Corentin est tout seul face à ses apprentissages et, pour un ado, le fait de travailler seul, c'est vraiment compliqué. Il organise ses horaires pour venir aux cours qui sont les moins évidents à réaliser à distance en étant tout seul à la maison. Les jours où il vient, il passe des évaluations, car les enseignants ont besoin de connaitre son niveau. Mais il manque alors encore des cours. Les enseignants attendent qu'il leur envoie des questions, qu'il soit acteur de ses apprentissages. Il faut que les choses viennent de lui. C'est difficile à entendre; alors qu'il se bat contre une fatigue extrême et se sent complètement abandonné dans ses études. Les enseignants refusent de poster les notes de cours sur la plateforme numérique de l'école. S'il est en échec, ils lui proposent de venir en remédiation, mais il manquera alors une demi-journée de cours en plus. La maman de Corentin aurait souhaité plus d'initiative et de suivi de l'école, au moins de la part d'un enseignant désigné pour cet accompagnement. Tout doit venir de mon enfant de 15 ans qui est malade et qui ne sait venir que moins d'un mi-temps à l'école. Jamais l'école n'a pris de ses nouvelles. Ils agissent avec lui comme avec un élève qui est absent trois jours pour un gros rhume.

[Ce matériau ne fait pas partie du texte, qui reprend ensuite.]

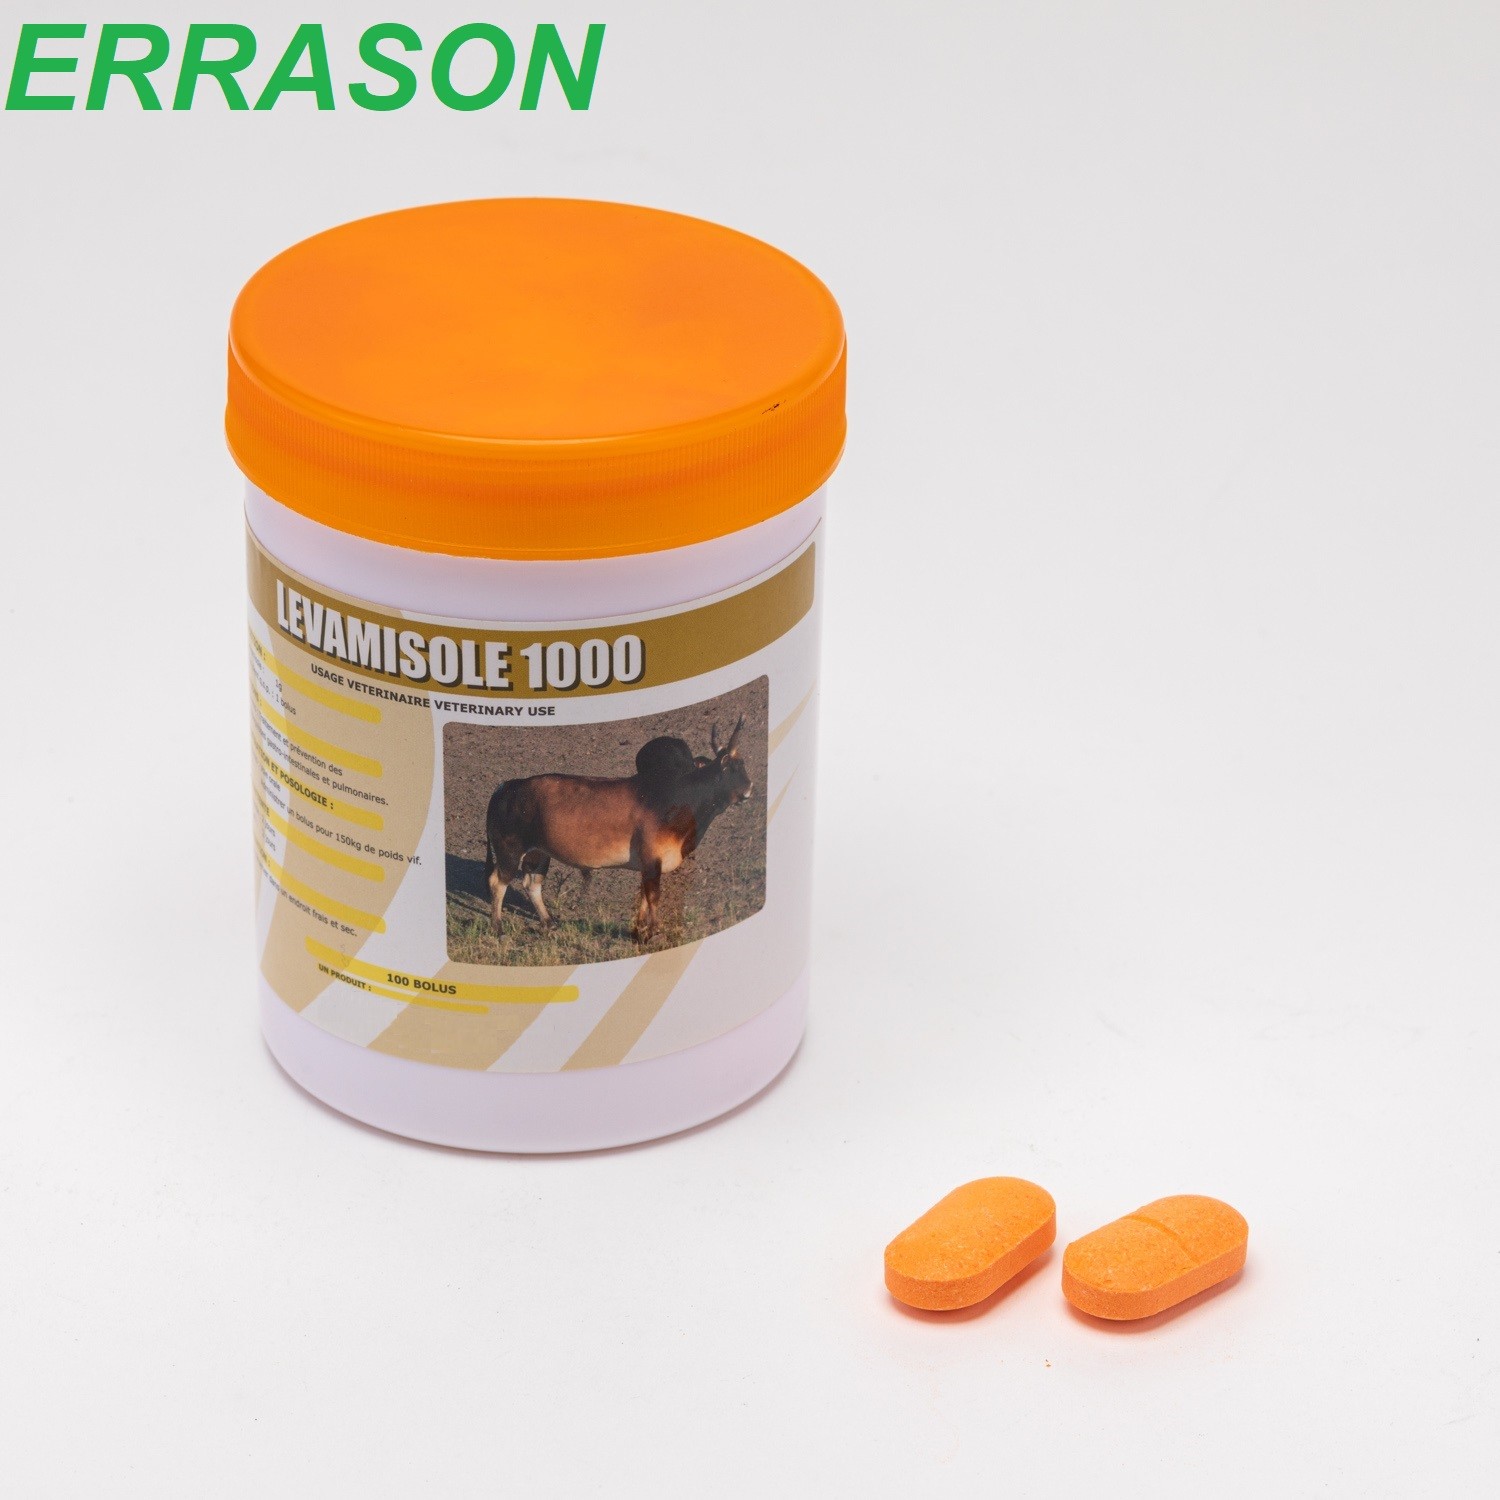 Levamisole tablet orange
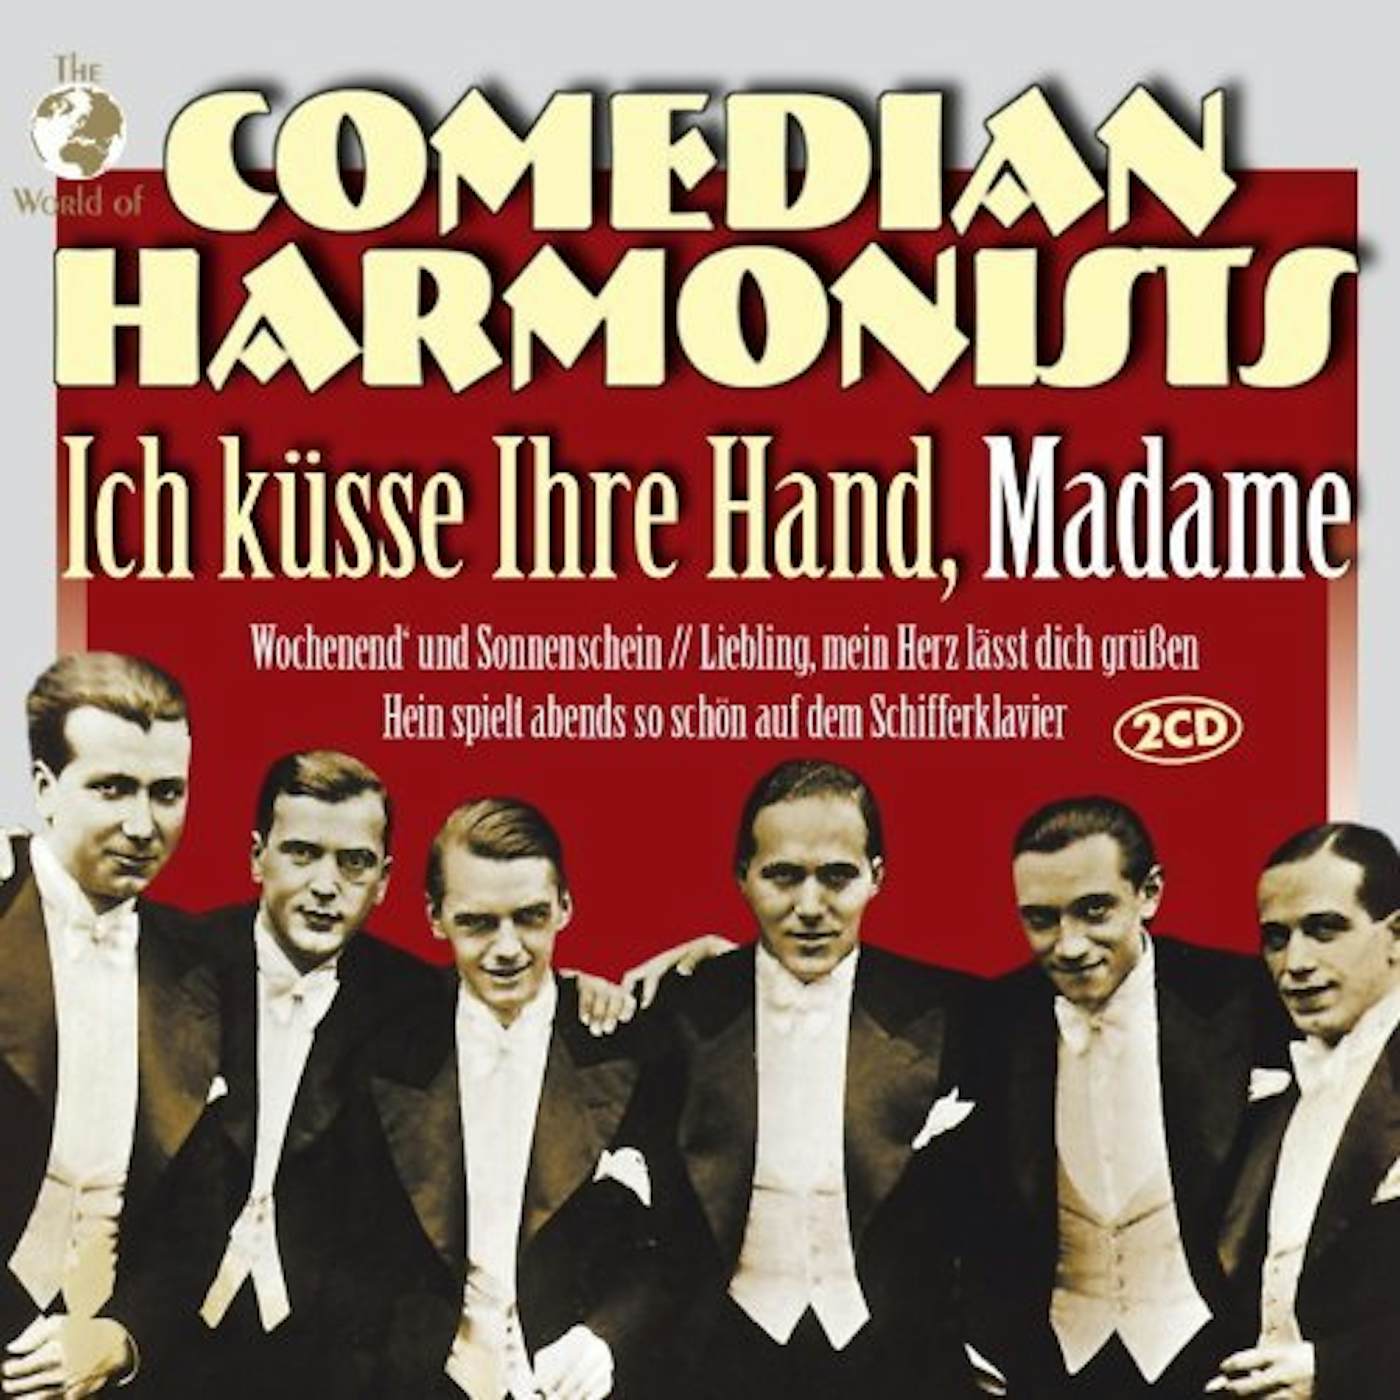 Comedian Harmonists ICH KUSSE IHRE HAND, MADAME CD

Quand il revient, il doit se mettre en ordre. Il n'y a pas d'alternatives : la classe continue, la matière continue. La maman a pris contact avec une association française de parents d'enfants malades. Ceux-ci peuvent faire un panaché d'enseignement à distance et d'enseignement présentiel. Alors qu’ici en FWB, l'enseignement est prévu pour du présentiel. Il faudrait réfléchir à un système mixte permettant pendant quelques semaines ou mois de faire de l'autoapprentissage, nous explique la maman de Corentin.[19]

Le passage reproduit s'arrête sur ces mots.